PS ..\hwy_data> Get-ChildItem -Include "*.wpt" -Recurse | Select-String -Pattern "^US.*\/US"
NC\usanc\nc.nc308trkwin.wpt:3:US13/US17_S http://www.openstreetmap.org/?lat=35.984342&lon=-76.957397
NC\usaus\nc.us017.wpt:83:US13/US17BypWin_S http://www.openstreetmap.org/?lat=35.984342&lon=-76.957397
NV\usai\nv.i580.wpt:1:US50/395 +US50/US395 http://www.openstreetmap.org/?lat=39.120747&lon=-119.771919
SC\usaus\sc.us521.wpt:47:US521Trk/601Trk_N +US521Trk/US601Trk_N http://www.openstreetmap.org/?lat=34.290499&lon=-80.611326
Sure enough, but this regex gives us two false positives (
NV and
SC). yakra's grep queries use
cut -f1 -d " " so that only the primary waypoint label is matched (
US50/395 and
US521Trk/601Trk_N here). The naive regex I'm been using looks for
US at the start of a primary waypoint label, but then matches zero or more of any character (
.*) until it finds a
/US. Changing
.* to
[^\s]* (zero or more non-whitespace characters) eliminates the issue as the match will stop once it gets past the primary waypoint label. Success!
PS ..\hwy_data> Get-ChildItem -Include "*.wpt" -Recurse | Select-String -Pattern "^US[^\s]*\/US"

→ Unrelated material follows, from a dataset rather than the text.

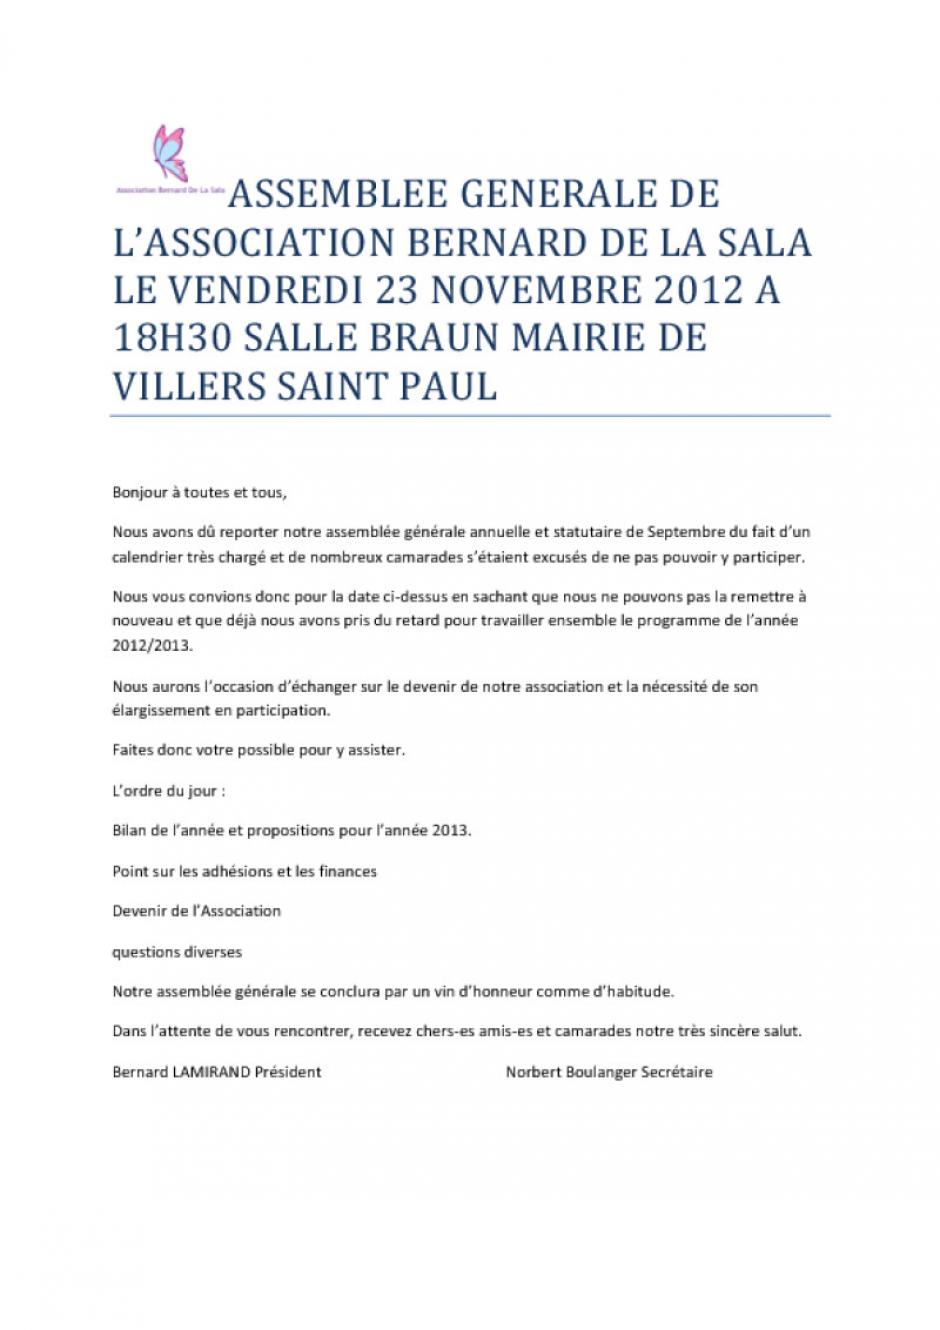 23 novembre, Villers-Saint-Paul - Association Bernard de La Sala-Assemblée générale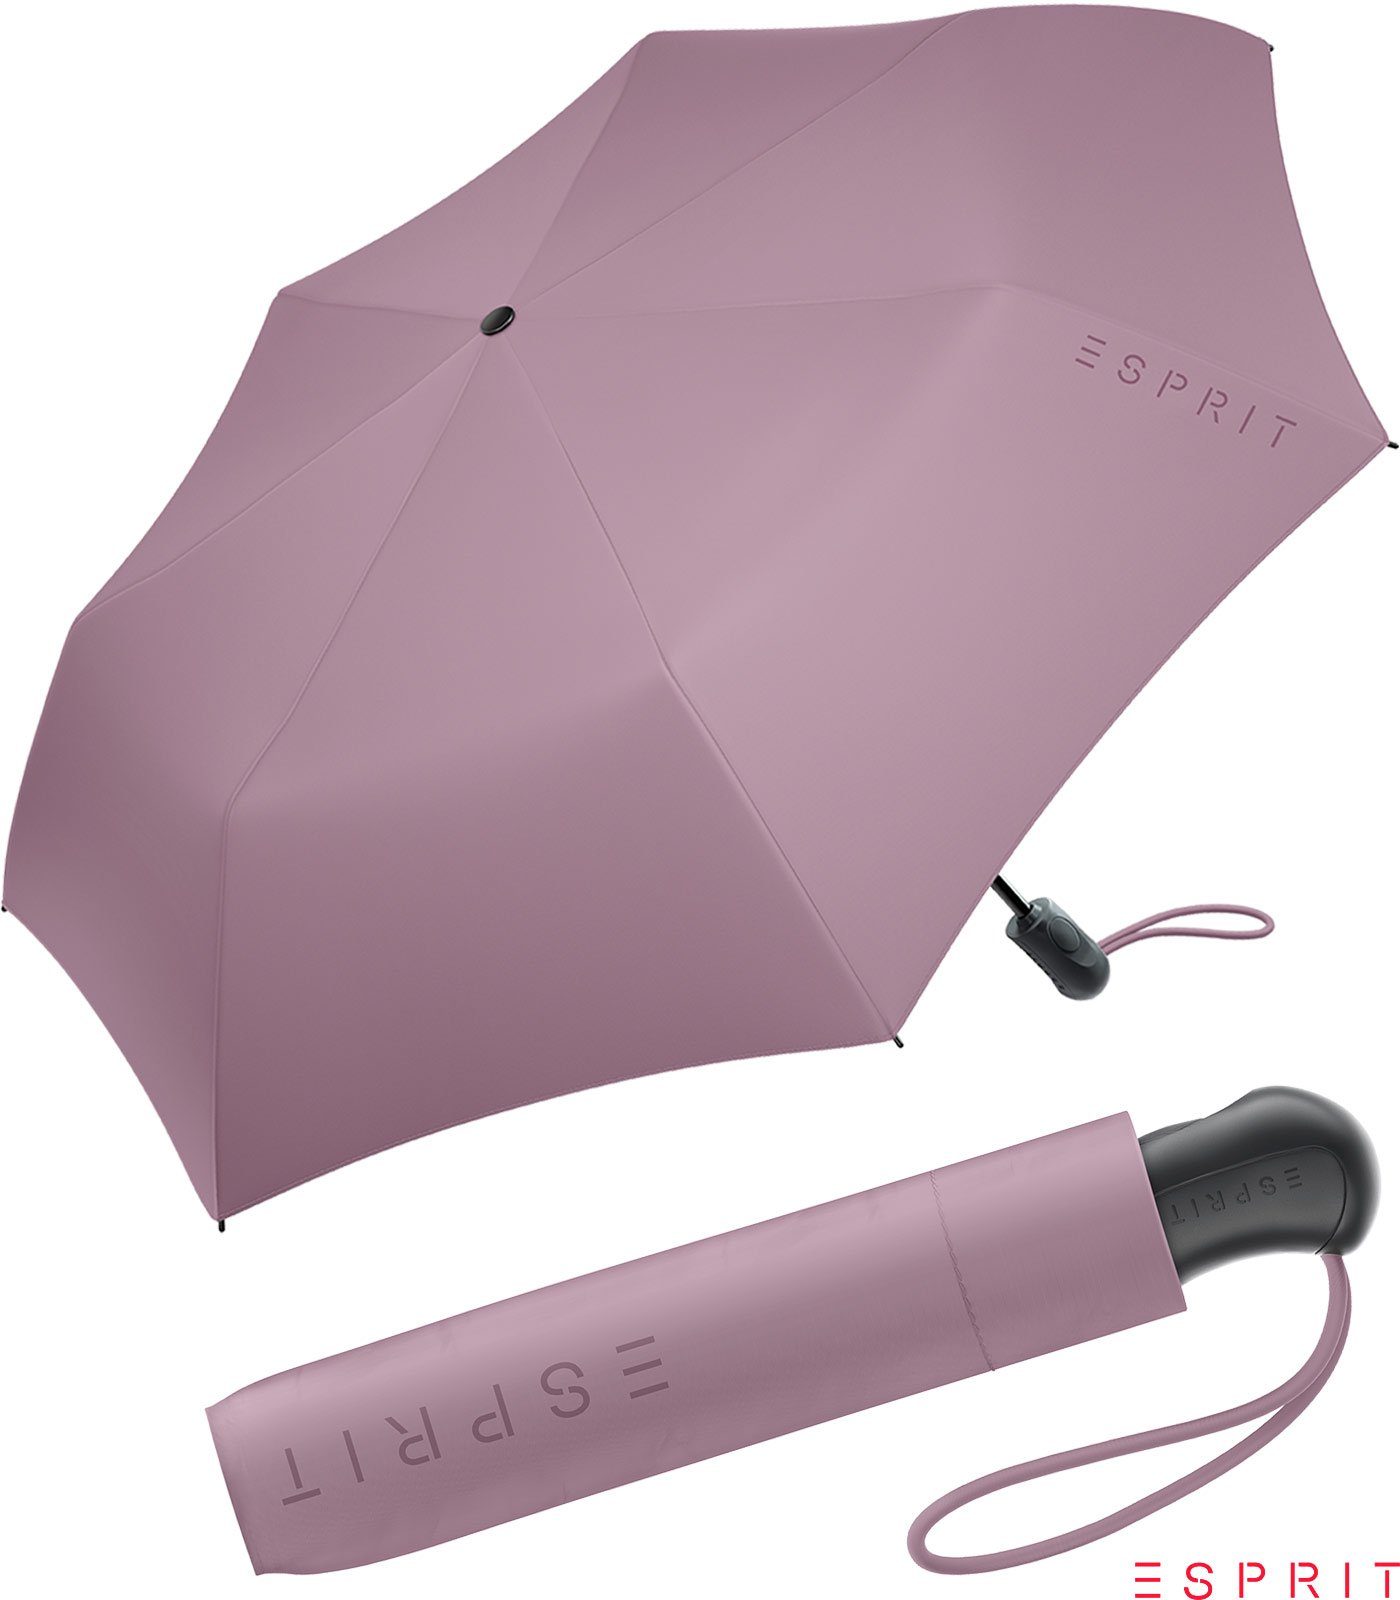 Esprit Taschenregenschirm Damen Easymatic Light Auf-Zu Automatik HW 2022 - dusky orchid, stabil, praktisch, in den neuen Trendfarben berry

NC\usanc\nc.nc308trkwin.wpt:3:US13/US17_S http://www.openstreetmap.org/?lat=35.984342&lon=-76.957397
NC\usaus\nc.us017.wpt:83:US13/US17BypWin_S http://www.openstreetmap.org/?lat=35.984342&lon=-76.957397
The style guide says to drop the secondary highway's prefix after the slash if it's more than one character long, which is a somewhat simple query. Let us assume two things: (1) the only valid characters for highway prefixes are capital letters and hyphens; (2) a highway waypoint label is composed of a highway prefix followed by a number. So we can start by matching all non-whitespace characters that aren't a
+ (hidden waypoint label or something, not sure on the terminology) from the start of a primary waypoint label
[^\s+] until we find a forward slash
\/, then look for any instances where there are two or more uppercase letters followed by a number
[A-Z-]{2,}[0-9]. Tying it all together:
Get-ChildItem -Include "*.wpt" -Recurse | Select-String -CaseSensitive -Pattern "^[^\s+]+\/[A-Z-]{2,}[0-9]" (88 results using
.length).
This is somewhat less interesting than one of the queries I was attempting because I misread the examples: what are the waypoint labels that include the
same highway prefix on both sides of the slash? (I had also failed to note that the secondary highway prefix must be 2 characters, bah!) The reason it's interesting is that we get to use a capture group and
backreferences! (backreferences actually make regular expressions...not regular, but that's why they're fun!) The pattern we want to construct should match two or more valid highway prefix characters, followed by any number of non-whitespace characters, followed by a forward slash, followed by our first match. A naive construction (
([A-Z-]{2,})[^\s]*\/\1) quickly runs into problems due to the way backreferences work (see the section Backtracking Into Capturing Groups from the link): if two different sets of 3+ capital letters are on opposite sides of the slash and any subset of 2 characters is in the same order, a match results. You might see where this is going: borders look like valid highway prefixes to a regex and several border pairings yield matches: BGR/GRC, ALM/ALA, IRN/IRQ, etc. (I like to start testing regexes live and then use test data with
regexr to iterate more quickly.)
So, matching highway prefixes
alone is not enough, we have to be sure that the waypoint label is a highway. The first thing we do is change
[^\s]* to
[^\s]+. The
+ requires that the primary highway prefix be followed by one or more non-whitespace characters instead of zero or more. This screens out the BGR/GRC matches, but not many of the other border matches. If we assume that a highway is distinguished by the presence of a number after the highway prefix, we can screen out the rest of the false matches by requiring a number to appear in the secondary highway label after the secondary highway prefix. So, our final regex is:
^([A-Z-]{2,})[^\s]+\/\1[0-9]. If we tried to use non-whitespace characters
[^\s] instead of a number
[0-9] after the secondary highway prefix, the borders would still match because letters are non-whitespace. Likewise, trying to match only numbers after the primary highway prefix wouldn't work because many highways have suffixes that don't have to be numbers. (I'm sure this is well-understood information to anyone reading this, but I find it a useful practice to go through the reasoning.) Lastly, we can change our assumptions about what highway prefixes look like and use
[^0-9] instead of
[A-Z-]: assume any non-digit character can be a highway prefix.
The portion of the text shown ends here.